Armed with this representation, Pavex can now generate the source code for the application library crate.
Using the same example, assuming the application has a single route, we get the following code:

use pavex::routing::Router;
use pavex::hyper::server::{Builder, conn::AddrIncoming};
use pavex::request::RequestHead;
use pavex::response::Response;

struct ServerState {
    router: Router<u32>,
    application_state: ApplicationState,
}

pub struct ApplicationState {
    s0: app::HttpClient,
}

/// The entrypoint to build the application state, a pre-requisite to launching the web server.
pub fn build_application_state(v0: app::Config) -> crate::ApplicationState {
    // [...]
}

/// The entrypoint to launch the web server.
pub async fn run(
    server_builder: Builder<AddrIncoming>,
    application_state: ApplicationState,
) -> Result<(), anyhow::Error> {
    // [...]
}

fn route_request(
    request: &RequestHead,
    server_state: std::sync::Arc<ServerState>,
) -> Response {
    let route_id = server_state
        .router
        .at(request.uri().path())
        .expect("Failed to match incoming request path");
    match route_id.value {
        0u32 => route_handler_0(server_state.application_state.s0.clone(), request),
        _ => panic!("This is a bug, no route registered for a route id"),
    }
}

pub fn route_handler_0(
    v0: app::HttpClient,
    v1: RequestHead,
) -> Response {
    let v2 = app::extract_path(v1);
    let v3 = app::logger();
    app::stream_file(v2, v3, v0)
}

Issues, limitations and risks

This section focuses on issues, limitations and risks that sit outside the Pavex project itself: obstacles that we cannot remove on our own, but require coordination/collaboration with other projects.

Each risk is classified over two dimensions: impact and resolution likelihood.

For impact, we use the following emojis:

  • 😭, severe impact on the developer experience/viability of the project;
  • 😢, medium impact on the developer experience/viability of the project.

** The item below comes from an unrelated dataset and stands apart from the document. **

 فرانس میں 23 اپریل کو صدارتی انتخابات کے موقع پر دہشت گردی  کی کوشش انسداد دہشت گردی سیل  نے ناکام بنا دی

For resolution likelihood, we use the following emojis:

  • 🔴, unlikely to be remediated on a medium time-horizon (>6 months, <2 years);
  • 🟡, likely to be remediated on a medium time-horizon.

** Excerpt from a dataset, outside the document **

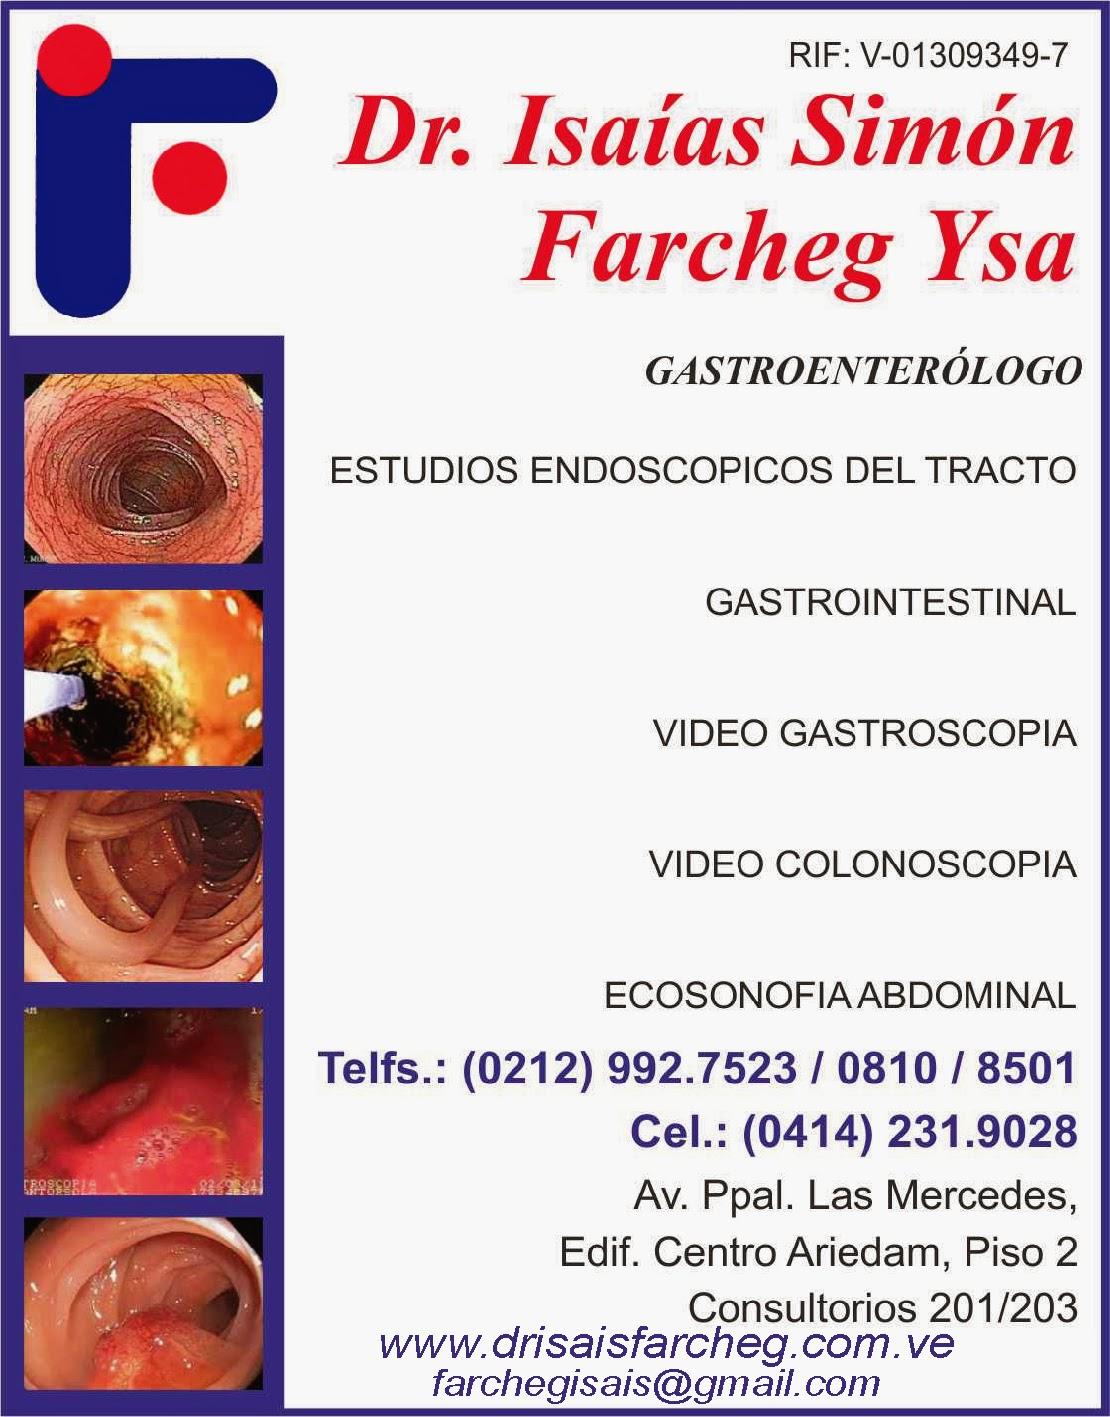 DR.ISA�AS SIM�N FARCHEG YSA en Paginas Amarillas tu guia Comercial

We do not care about the short term since Pavex itself still requires tons of work to be viable and it's unlikely to be ready for prime time in less than 6 months.

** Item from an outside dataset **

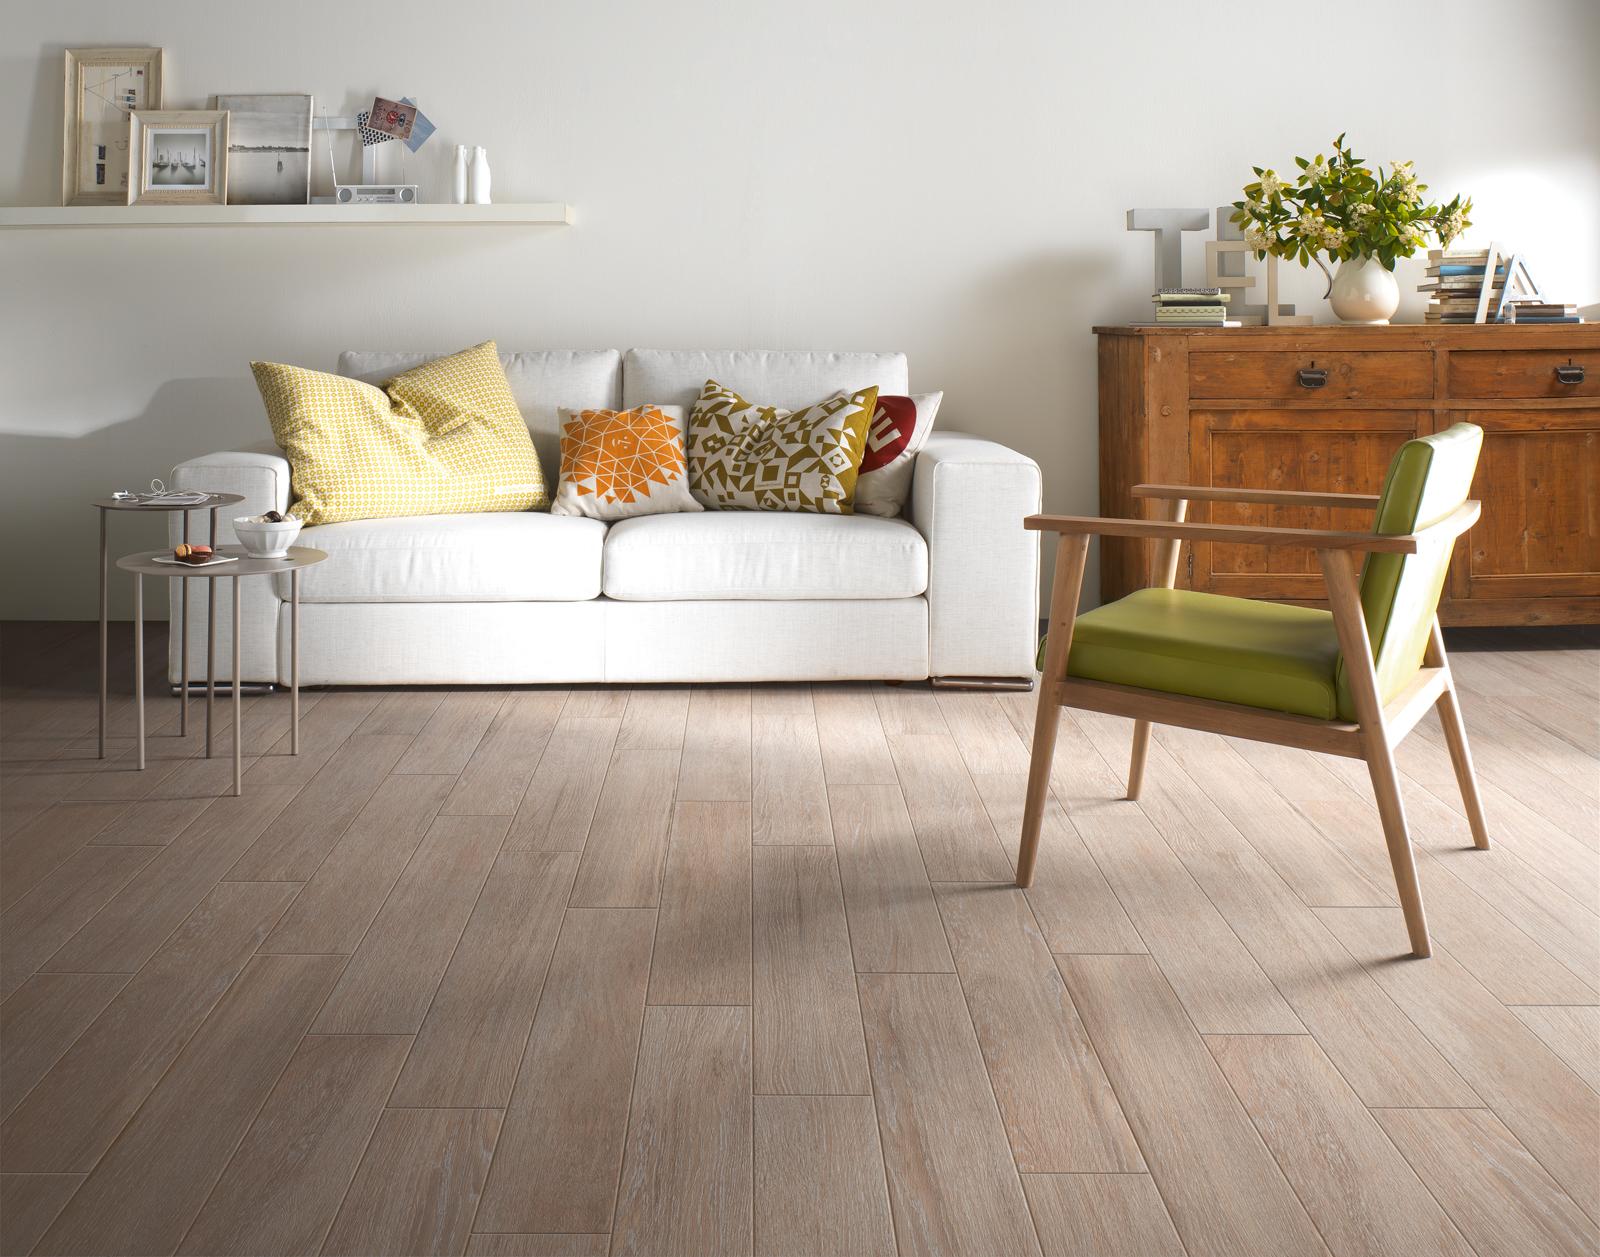 Planet gres effetto legno marazzi - Piastrelle color legno ...

rustdoc's JSON output is unstable (🟡😢)

rustdoc's JSON output requires the nightly compiler.
This is not a showstopper for production usage of Pavex since nightly is never used to compile any code that is actually run at runtime, it is only used by the "reflection engine". Nonetheless, nightly can cause breakage and unnecessary disruption due to its instability. rustdoc's JSON output itself is quickly evolving, including breaking changes that we must keep up with.

Plan:

  • Sit and wait. rustdoc's JSON output is likely to be stabilised, therefore we will be able to drop nightly not too far into the future.

rustdoc is slow (🔴😢)

Generating the JSON representation of rustdoc's output takes time, especially if we need to generate it for several crates in the dependency tree.

Current remediations:

  • rustdoc's JSON output for third-party dependencies is highly cacheable given the dependency version and the set of activated features. pavex_cli uses SQLite to implement a per-user centralized cache of the JSON docs for all third-party crates that have been needed at least once.

Future avenues:

  • The idea of hosting the JSON version of a crate's docs has been floated around. This would allow us to download the rendered JSON instead of having to build it every time from scratch.

pavex_cli cannot be run from a build script (🔴😭)

Due to cargo's very coarse locking scheme, it is not possible to invoke cargo itself from a build.rs script ( see tracking issue).
Pavex relies on cargo commands to:

  • build rustdoc's JSON output for local and third-party crates;
  • analyze the dependency tree (via guppy which in turn relies on cargo metadata);
  • find the workspace root (via guppy which in turn relies on cargo metadata).

There seems to be no active effort to remove this limitation.

Current remediations:

Pavex will rely on cargo-px for code generation.